Pohl, the judge overseeing the 9/11 case, dismissed charges of property destruction and attacking civilian objects in April, ruling that the statute of limitations had run out on them.

Silliman, who became the court’s chief deputy judge in 2014, assigned himself, along with two other judges, to serve on a panel that will hear the government's appeal of that ruling.

Attorneys for Mohammad, however, have called into question public statements Silliman made about the accused conspirators.

Mohammad's attorneys say Silliman's prior statements to the media, at academic events and in congressional testimony, pose a risk of bias too high to be constitutionally tolerable.

According to court documents, in 2008, Silliman told the Los Angeles Times: “The fact is that we’re going to have a military commission for those the United States believes, and most of the world acknowledges, to be ring leaders of the 9/11 attacks."

In 2010, Silliman made another comment that Mohammad's attorneys have said shows he is already convinced of their guilt.

"We’ve got the major conspirators in the 9/11 attacks still at Guantanamo Bay — Khalid Sheikh Mohammed[sic] and four others[.]," Mohammad's 232-page petition for a writ of mandamus states.
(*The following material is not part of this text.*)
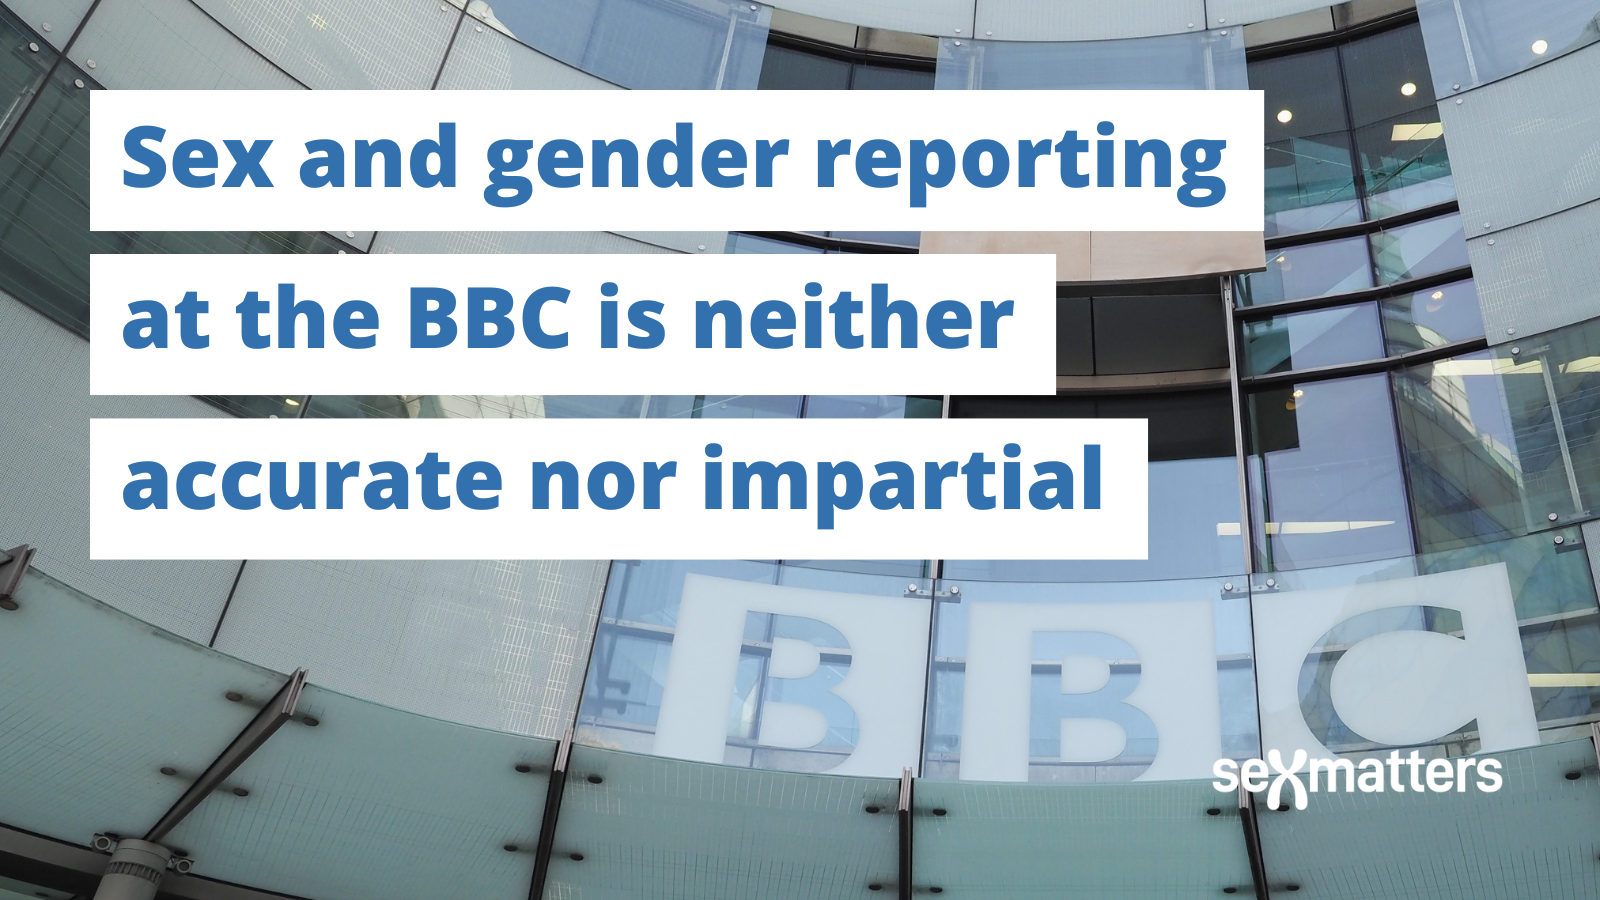 Sex and gender reporting at the BBC is neither accurate nor impartial

According to Mohammad's petition, Silliman was quoted in the media again in 2011 about how Mohammad "will be" executed.

"He said, referring to Mr. Mohammad and to lethal injection executions carried out in the United States by the military, 'I’m assuming the same pattern will be followed, except for the location," the court documents say.

Silliman responded to the motion in June, arguing against recusal and saying that his prior statements did not reflect bias toward Mohammad or the other accused 9/11 conspirators.

But on Wednesday morning David Nevin, Mohammad's attorney, told the appeals panel that Silliman's past statements to the media should be "taken at face value."

"It seems to me there's a high risk that he meant what he said," Nevin argued, adding that Silliman would not have spoken them without having reached an internal judgment.

The relevant law requires recusal, he argued.

U.S. Circuit Judge Thomas Griffith wasn't present for the oral arguments, but U.S. Circuit Judges Judith Rogers  and David Tatel zeroed in on language in the Manual for Military Commissions, which calls for recusal "when the judge, 'except in the performance of duties as military judge in a previous trial of the same or a related case, has expressed an opinion concerning the guilt or innocence of the accused.'"

Danielle Sue Tarin, who argued on behalf of the government, said the law governing recusal is limited to statements a judge makes only in their capacity as a judge, and not before.

This posed a problem for both Tatel and Rogers, who told Tarin her assertion runs counter to the plain language of the rule set forth in the Manual for Military Commissions.

Tarin said that law is inapplicable in this case and directed the judges to apply a different law, 28 U.S.C. § 455.

Even if the Military Commissions law did apply, Tarin said, the statements Silliman made did not reflect any conclusion about the guilt of Mohammad and the other alleged conspirators.

Tatel interrupted her, recalling Silliman’s statements.

“He’s clearly saying that Khalid Sheikh Mohammad is guilty of the charges,” he said.

Tarin cited several cases relying on 28 U.S.C. § 455, but Nevin told the court he was unfamiliar with them, asserting during rebuttal that the government had first raised the cases on Wednesday.

Nevin pointed to an order from the court issued on Tuesday, directing the parties to discuss the Military Commissions rule, not 28 U.S.C. § 455.

In closing remarks, Nevin said he found it hard to believe that a rule that does not contain a limitation about disqualifying statements could be reasonably interpreted to mean that.

Tatel noted during the hearing that if Mohammad is convicted, he could raise the issue during appeal. Why would the government want to jeopardize a conviction, Tatel asked Tarin.

Tarin said the government also has an interest in protecting the judiciary from disqualification. According to her understanding, unless a military judge resigns, only the president can remove a military judge from a panel.